Whoa, D. That's Shalegeo and Grillin' Mmmarkkk territory. LOL! I take a much simpler approach but then again that's the landman in me. Ask yourself if the operator of a unit would intentionally develop in a manner likely to leave otherwise recoverable hydrocarbons behind? In other words, the operator, the lessee (if different) and the mineral owner all have the same interest in maximizing economic production. I doubt seriously that any operator would drill fewer wells and leave more gas behind in an effort to deny mineral owners their full royalty share. If technology advances to the point where fewer wells effectively drain a unit, the operator will likely employ that technology. If they fear that fewer wells drilled differently will have a significant negative impact on the EUR for that unit, they will not employ that technology. Also the LA. Office of Conservation and, in your example, the Texas Railroad Commission are motivated by the state's desire to enable exploration and enhance production as a source of revenue. They will not grant greater spacing regulations if they think it will reduce production. Those entities were established and exist for the purpose of ensuring that hydrocarbons are produced in a manner likely to produce the highest percentage of recovery.
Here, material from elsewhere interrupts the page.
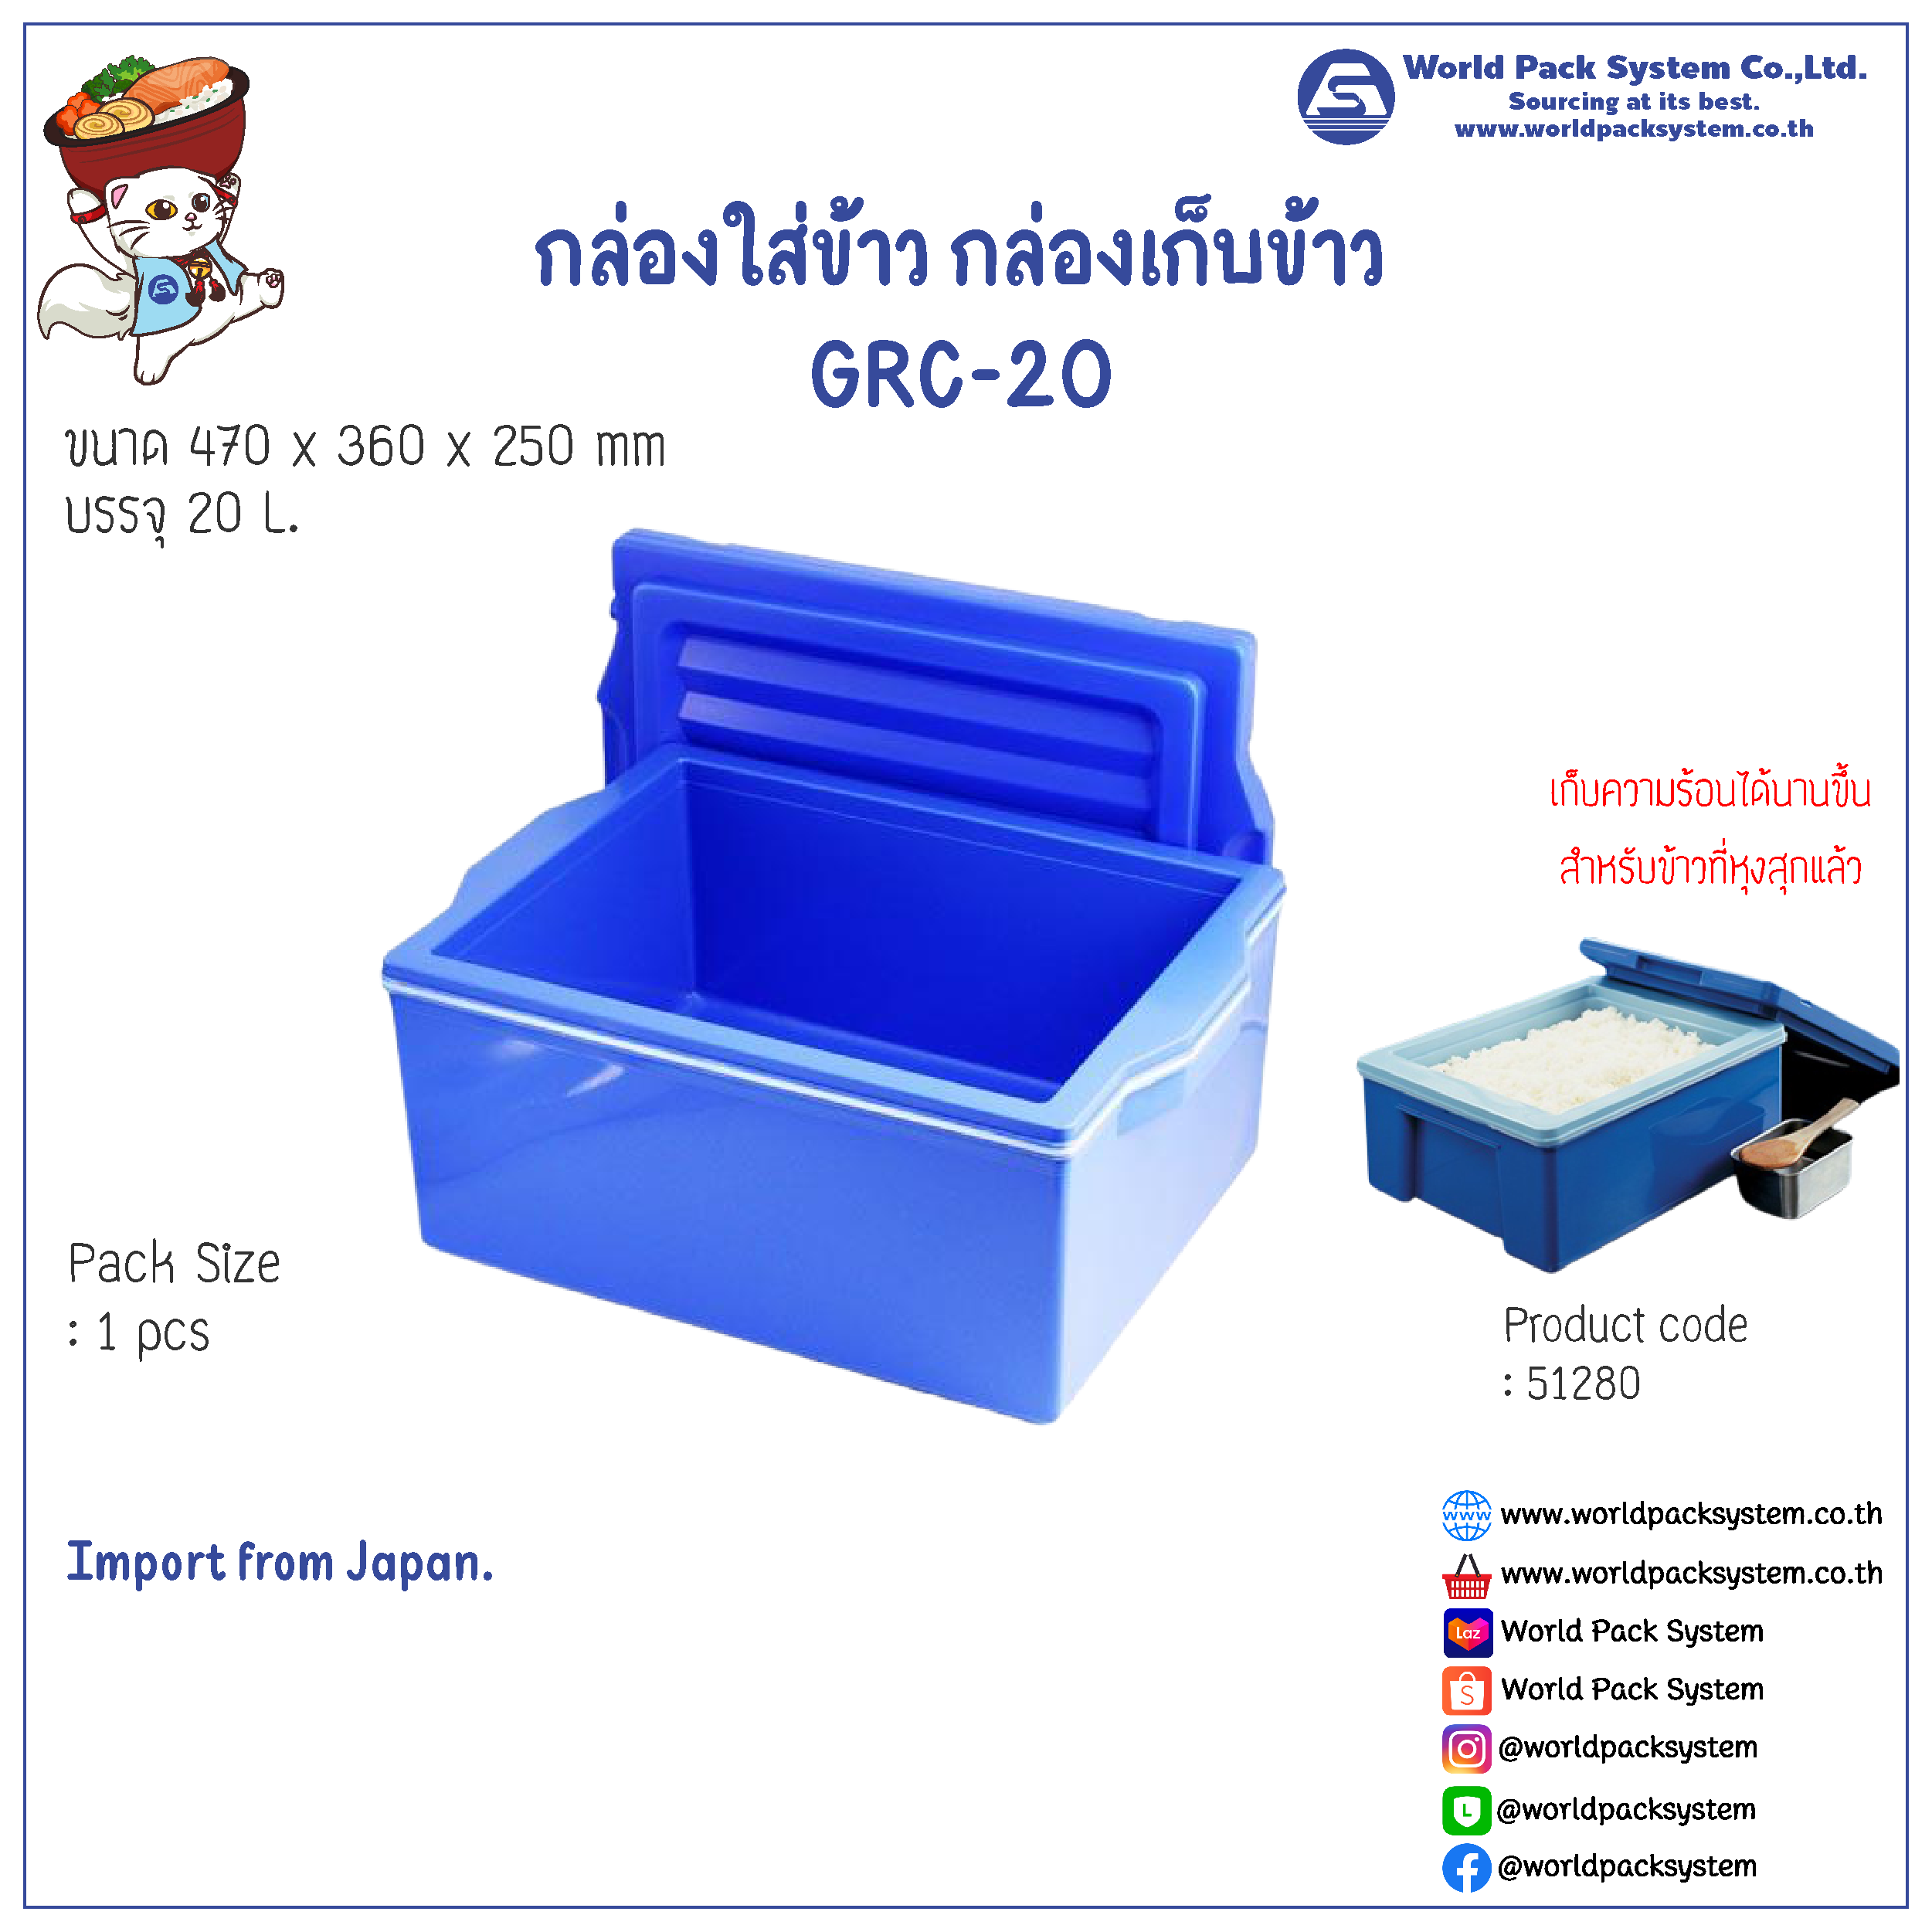 GRC - 20 Sushi Rice Insulated Container 20 L.
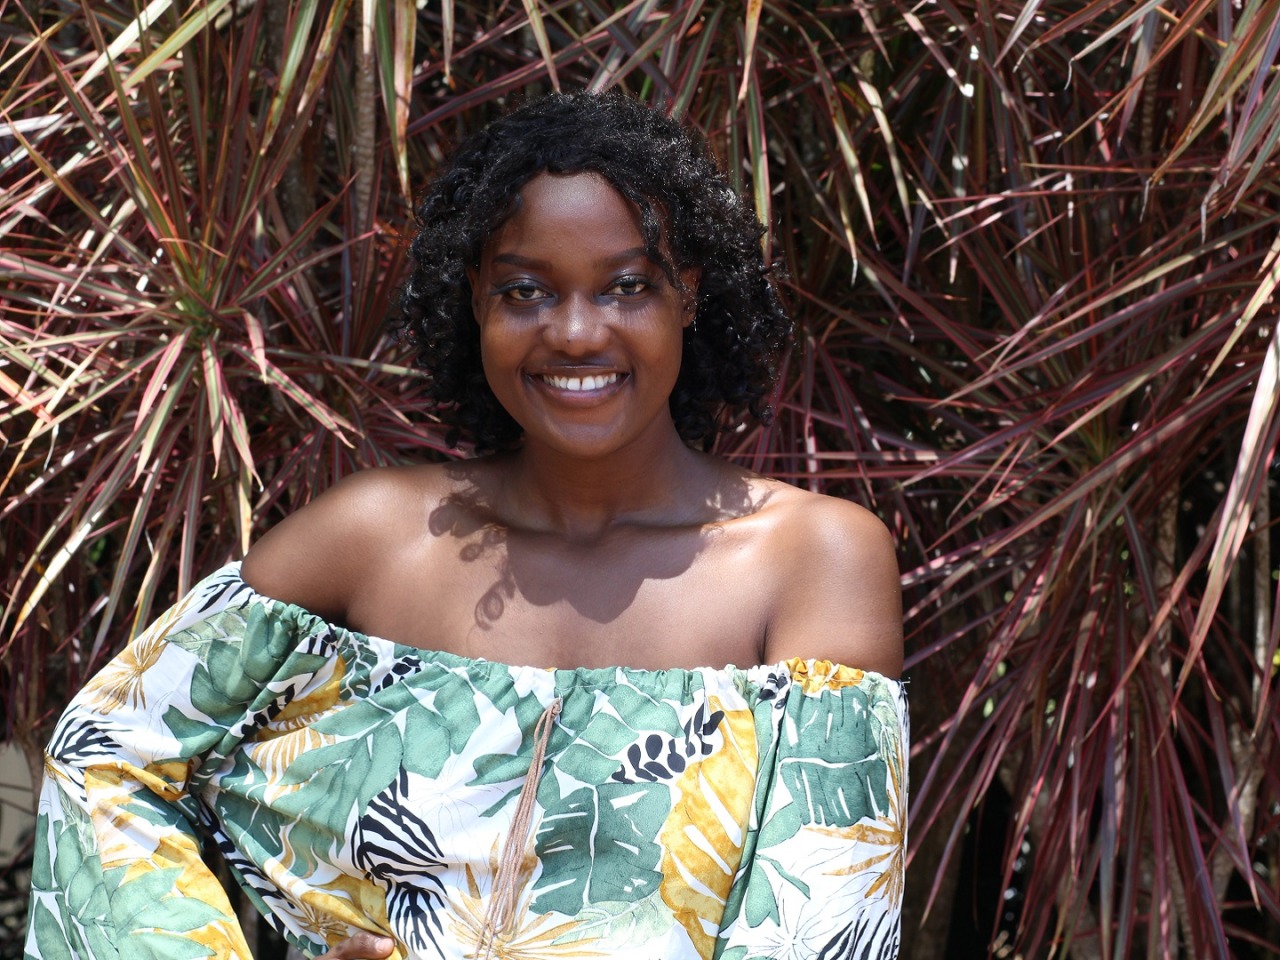 “Coming from a rather conservative community back in Zimbabwe, studying at Curtin Malaysia has given me a different perspective on life. It has got me thinking more about female empowerment, educating African society and how cultural norms can be...

I believe Skip has hit it! The companies will be driven to drill the right number of wells to effeciently drain the reserves, regardless of the unit size. Now, when those wells get drilled is a bigger unknown. In the next few years, maybe only 4 will get drilled but over time the optimum will get drilled.

There are efforts to expand the size of the units that horizontals will "hold". It is a more efficient use of capital from a drillers standpoint. reduces amount of lease expirations and re-leasing that has to be done.
There will be more than one well per 640 acres. I can guarantee you that. Say there were 7 more wells. Multiply that number by 7 and you get some good looking money.